2

Is there a mechanism to apply a standard set of checks to detect and then transform a String to the detected type, using one of Jackson's standard text related libs (csv, json, or even jackson-core)? I can imagine using it along with a label associated with that value (CSV header, for example) to do something sorta like the following:

JavaTypeAndValue typeAndValue = StringToJavaType.fromValue(Object x, String label);  
typeAndValue.type() // FQN of Java type, maybe
typeAndValue.label() // where label might be a column header value, for example
typeAndValue.value() // returns Object  of typeAndValue.type()

A set of 'extractors' would be required to apply the transform, and the consumer of the class would have to be aware of the 'ambiguity' of the 'Object' return type, but still capable of consuming and using the information, given its purpose.

The example I'm currently thinking about involves constructing SQL DDL or DML, like a CREATE Table statement using the information from a List derived from evaluating a row from a csv file.

After more digging, hoping to find something out there, I wrote the start of what I had in mind.
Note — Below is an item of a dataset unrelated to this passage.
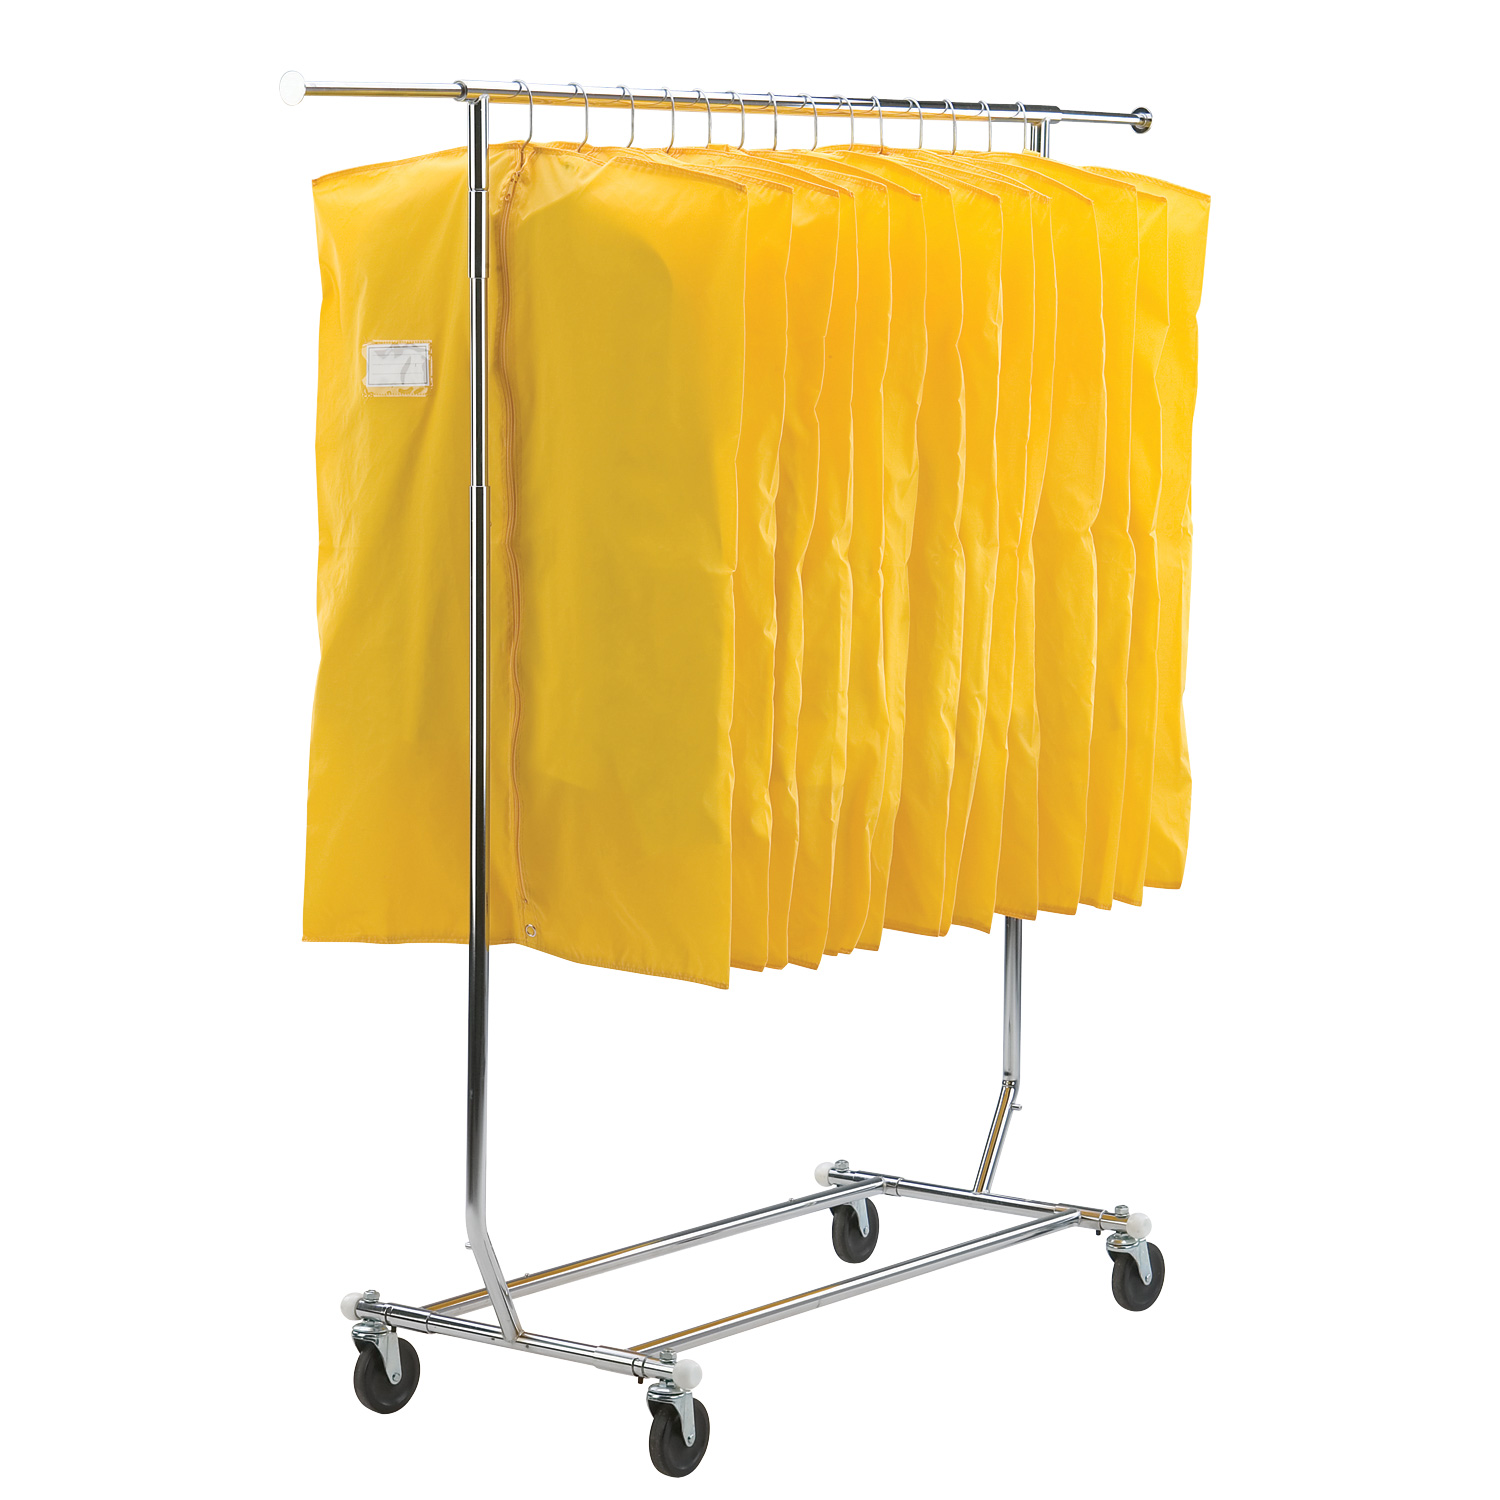 Uniform Storage Rack – Collapsible 1

Please keep in mind that my intention here isn't to present something 'complete', as I'm sure there are several things missing here, edge cases not addressed, etc.
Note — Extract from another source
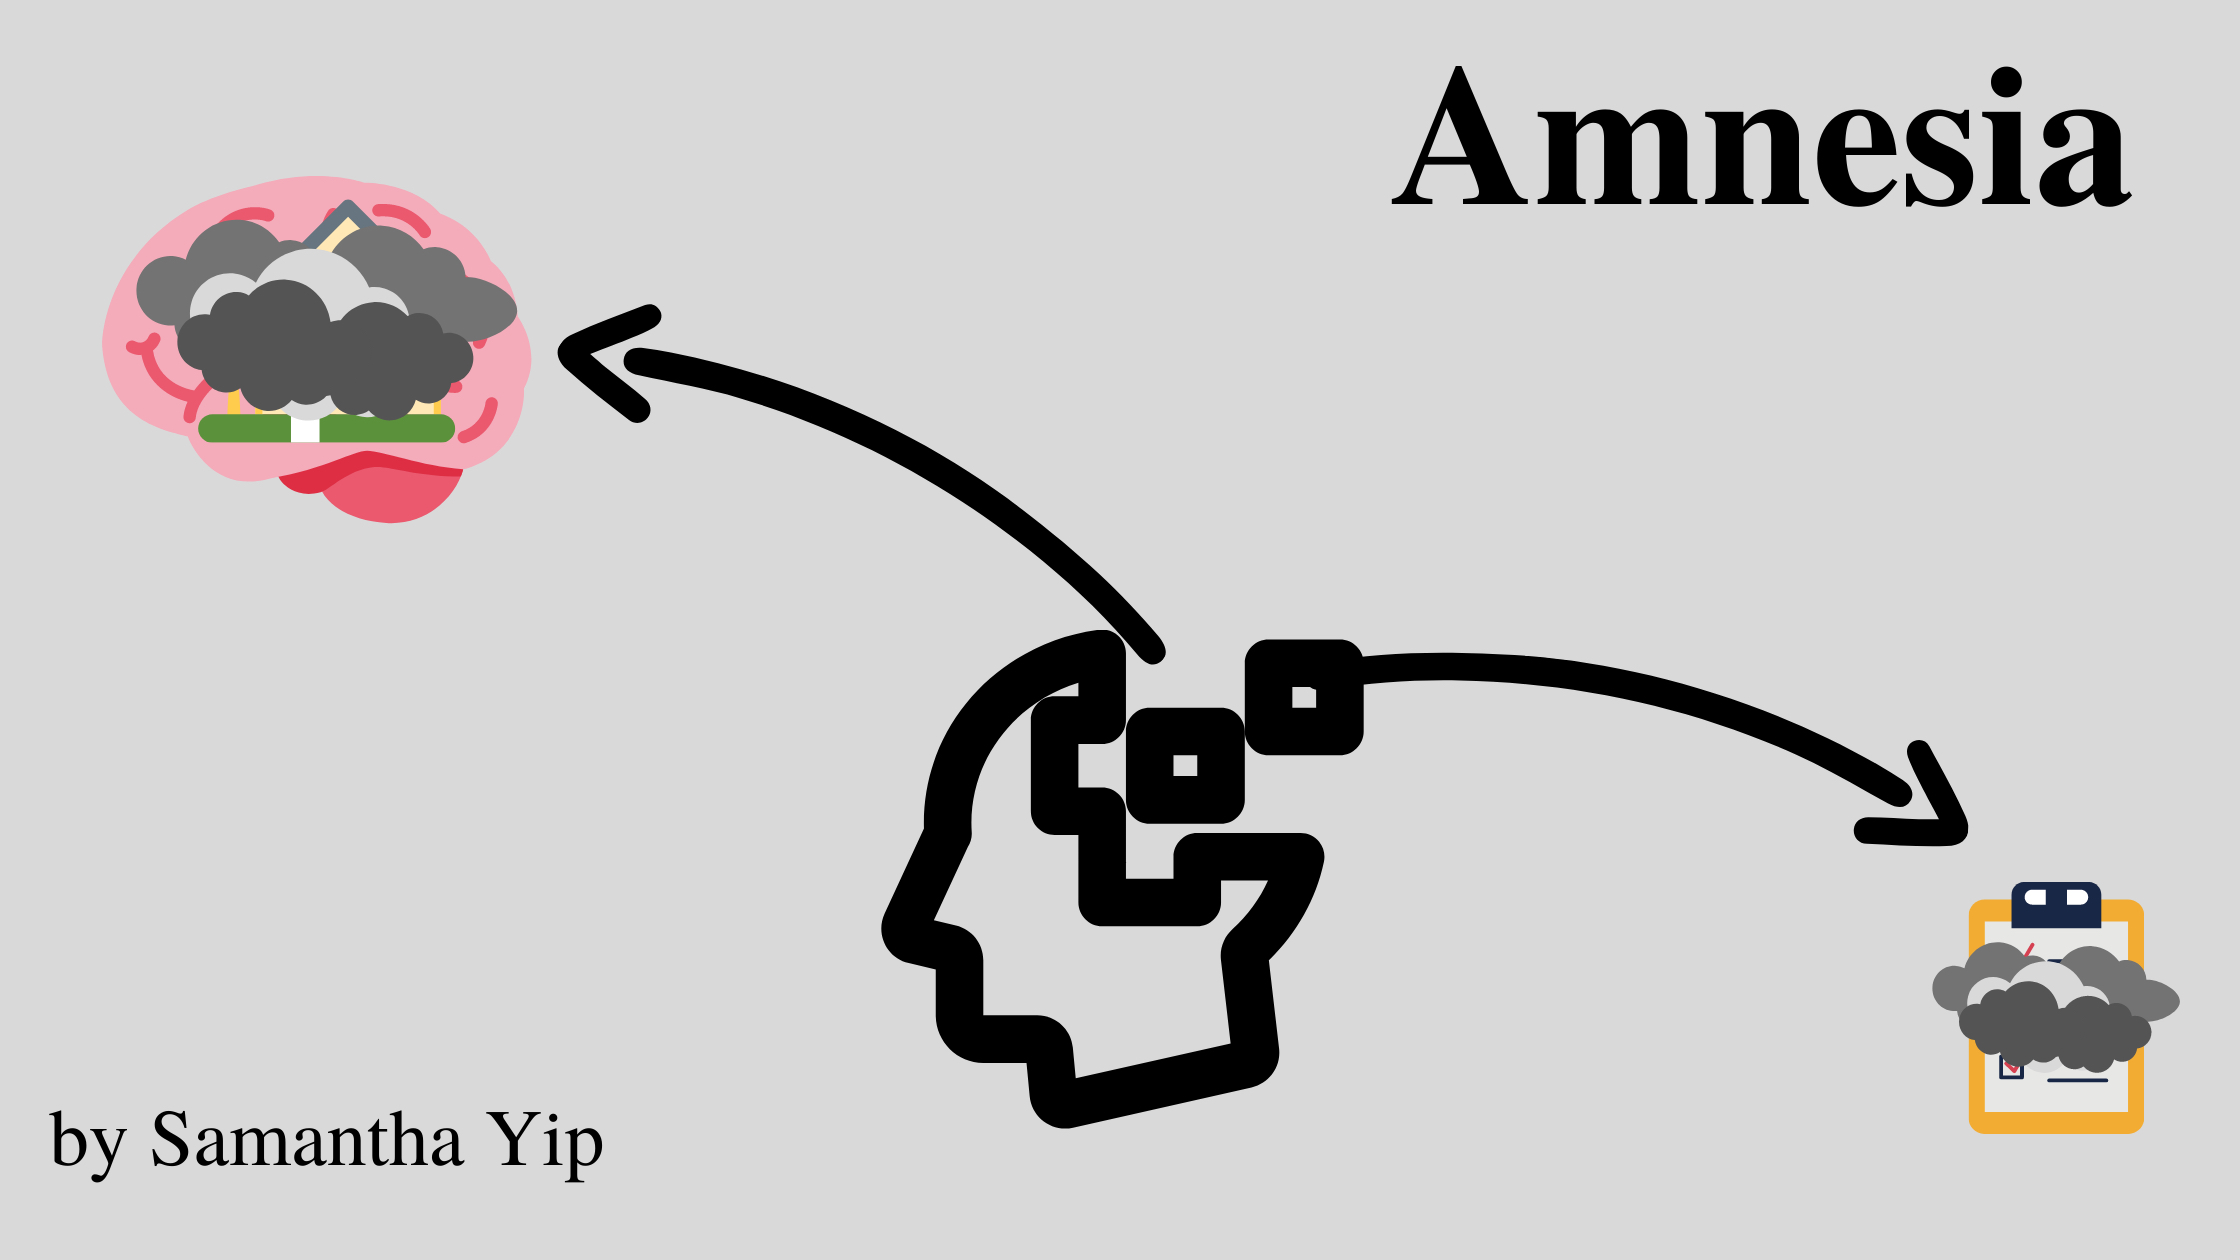 Amnesia: Sitcom Trope or Reality?

The pasrse(List<Map<String, String>> rows, List<String> headers comes from the idea that this could be a sample of rows from a CSV file read in from Jackson, for example.

Again, this isn't complete, so I'm not looking to pick at everything that's wrong with the following. The question isn't 'how would we write this?', it's 'is anyone familiar with something that exists that does something like the following?'.

import gms.labs.cassandra.sandbox.extractors.Extractor;
import gms.labs.cassandra.sandbox.extractors.Extractors;
import lombok.Builder;
import lombok.Getter;
import lombok.Setter;
import lombok.experimental.Accessors;

@Accessors(fluent=true, chain=true)
public class TypeAndValue
{

    @Builder
    TypeAndValue(Class<?> type, String rawValue){
        this.type = type;
        this.rawValue = rawValue;
        label = "NONE";
    }

    @Getter
    final Class<?> type;

    @Getter
    final String rawValue;

    @Setter
    @Getter
    String label;

    public Object value(){
        return Extractors.extractorFor(this).value(rawValue);
    }

    static final String DEFAULT_LABEL = "NONE";

}

A simple parser, where the parse came from a context where I have a List<Map<String,String>> from a CSVReader.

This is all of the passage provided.